Germany: Spätzle, Bratwurst, und Rotkohl

Sometimes you think you have a decent grasp on how large a project is going to be and then other times it becomes 10 times more complicated, messy and time consuming than you thought. Well… spätzle was one such adventure…

In layman’s english terms we had cheesy egg noodle things, with sausage and sweet pickled red cabbage for dinner. I was worried about this one, as the meal came together I was getting more concerned as to whether or not we would be eating ham sandwiches for dinner if this meal didn’t work out…. but it surprised us all! The juicy sausages with the rich cheese ‘pasta’ and the sweet acidic cabbage- the meal was well balanced and delicious!

I bought some beer bratwursts at out local discount grocery. I cooked them in a hot dry pan, flipping them periodically till the centers reached 165. That was it for the wurst, so easy!

For the Rotkohl I pulled out my mandoline and kicked Martin out of the kitchen while I used it. Rational or not, mandolines freak me out and I want Martin to start kindergarten with all 10 fingers! Once I was done cutting and the tool was safely out of the way, Martin rejoined me as we started to cook the cabbage in a pot. Its the type of recipe that you cook for a long while occasionally stirring. So we actually did this recipe first so that it could continue to cook while we made the rest of dinner. I made it with half a head of cabbage but kept the rest of the ingredients the same. We still had a lot of left overs but it was delicious!

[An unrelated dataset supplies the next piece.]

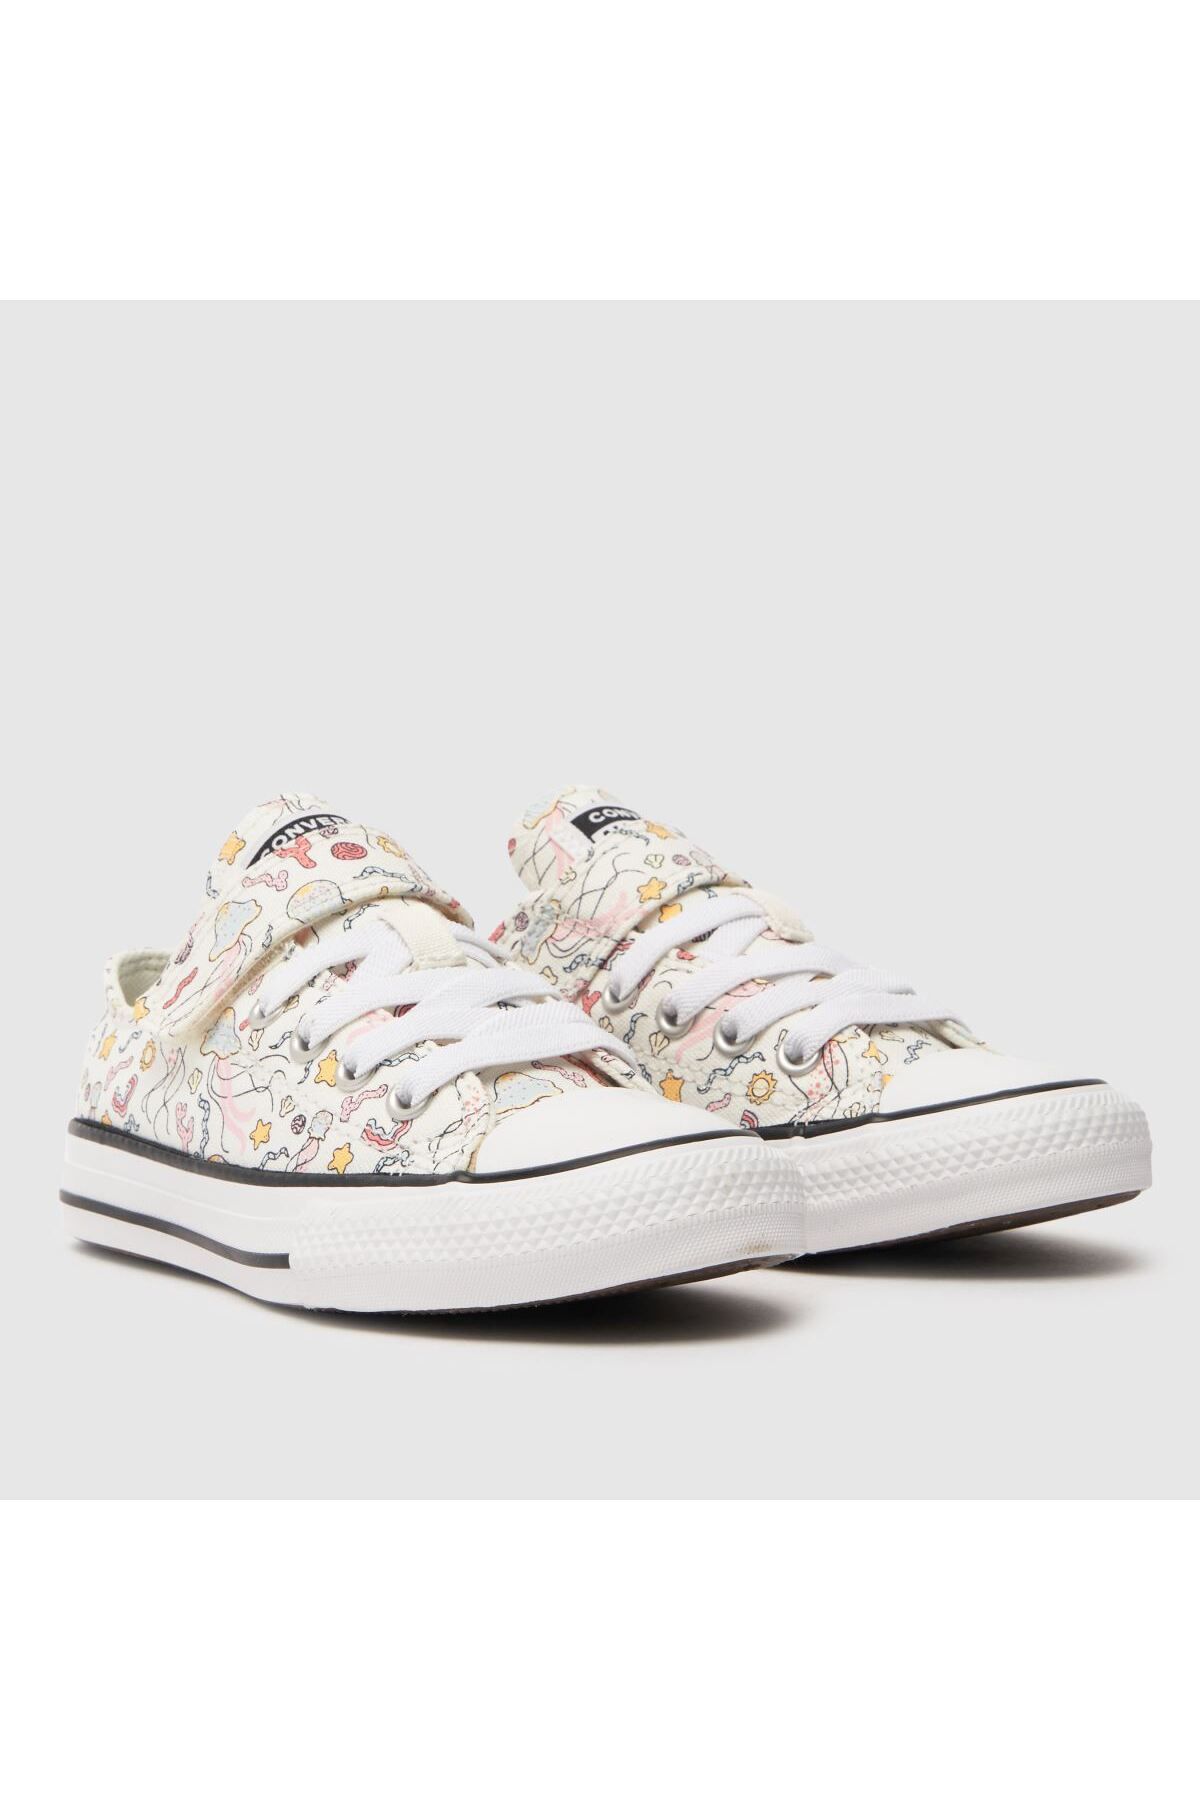 Converse Chuck Taylor All Star 1V Easy-On Majestic Mermaids

You can find that recipe here:

Next came the epic-mess-maker, the dear-Lord-why-am-I-doing-this-with-my-3-year-old?! Spätzle! I have zero pictures of any of this process, for that I’m sorry so I will do my best to accurately describe the scene.

First, what is spätzle? Well it is a type of egg noodle. A simple spiced batter is made, then small droplets are dropped into simmering water in small batches. The water cooks the spätzle and when it is done it begins to float! You then scoop the cooked noodles out of the pot and place them in ice water to stop the cooking. From here you can eat it cold, add cheese, gravy or add it to other dishes- the possibilities are endless!

Now for our experience…

The spätzle mixture is like pancake batter, thin but thick. You can either use a spätzle maker or a wide colander, or a large holed grater to form the ‘noodles’; I opted for the latter. Martin would ladle this thin batter onto a paddle grater. I would then, very quickly, transfer it over a pot of simmering water (as it was dripping out the holes). Then use a spatula to force the rest of the batter into the water. Repeat till all the batter is done, stopping every 3 scoopfuls to lift the cooked spätzle out of the pot and into a bowl of ice water.

Once all the batter was cooked, I transferred half the cooked spätzle into a pan with butter and some grated swiss and gruyère cheese. Once the cheese was melted it is ready to serve!

One important and unique thing to note is the spice in spätzle, the recipe calls for fresh grated nutmeg. Unfortunately, I didn’t have any but Google told me Pumpkin Pie Spice was a good substitute, so thats what I used. For all its mess, we had fun and Martin kept telling me how much he loved making spätzle… so was it worth it? 100% YES!!

If you want to brave making this one and are prepared for the messy cleanup to follow then try it out! You can find the recipe I used here:

In the end our trip to Germany for dinner was epic, and so worth it!